A crucial part of our conservation strategy involves the use of solar panels, generously donated each year by Arizona Public Service. These panels are a lifeline for ranchers, facilitating water projects and replacing the increasingly scarce traditional windmills. The use of solar panels for water pumping is not only eco-friendly but also aids ranchers in efficient water management. To ensure the maximum benefit for wildlife and hunting communities, we have set two critical conditions for ranchers receiving these panels: continuous water supply and hunter access to the land.

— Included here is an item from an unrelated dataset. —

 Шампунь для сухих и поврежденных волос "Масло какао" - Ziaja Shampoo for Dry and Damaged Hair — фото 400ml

Repairing Water Catchments: A Critical Mission

Our commitment extends to the maintenance and repair of water catchments, a vital resource for wildlife. Often alerted by equestrian enthusiasts or our own monitoring volunteers, we respond swiftly to reports of malfunctioning catchments. While many issues are quickly resolved thanks to our skilled volunteers, some situations, like a recent incident of vandalism and theft, demand more extensive repairs and funding. We’re determined to restore these vital water sources, with plans underway for a major revitalization project in early 2024.

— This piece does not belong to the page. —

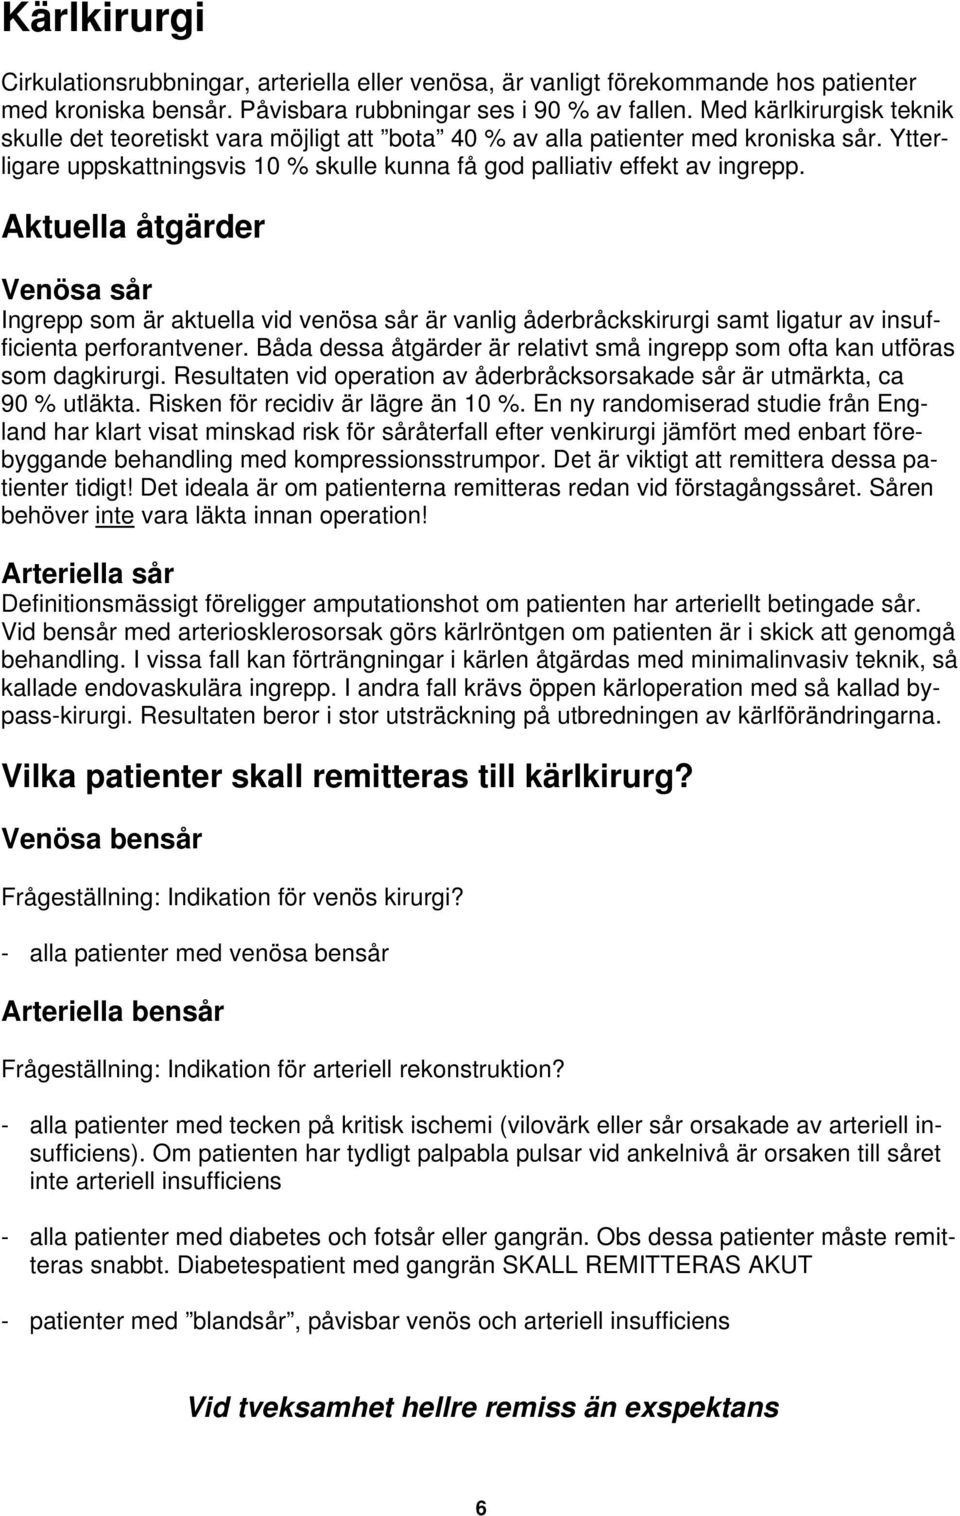 Aktuella åtgärder Venösa sår Ingrepp som är aktuella vid venösa sår är vanlig åderbråckskirurgi samt ligatur av insufficienta perforantvener.

 Youth Camps: Nurturing the Next Generation

AMDO’s dedication to youth education continues with our upcoming camp in unit 42 near Wickenburg, scheduled from November 30th to December 3rd. These camps are not just about hunting; they’re about instilling a love for the outdoors and conservation ethics in the younger generation. We welcome and encourage your participation.

Upcoming Banquets: Celebrating and Funding Our Mission

Our annual banquets play a pivotal role in funding AMDO’s activities. With seven regional banquets each year, the funds raised are directly reinvested into local conservation projects. Our first banquet of 2024 promises to be a special event, hosted at the Flying E Ranch near Wickenburg on January 27th at 5 pm. This event offers a unique experience with optional camping spots and special ticket packages that include accommodation at the ranch.

To be a part of this exciting event and support our conservation efforts, get your tickets here.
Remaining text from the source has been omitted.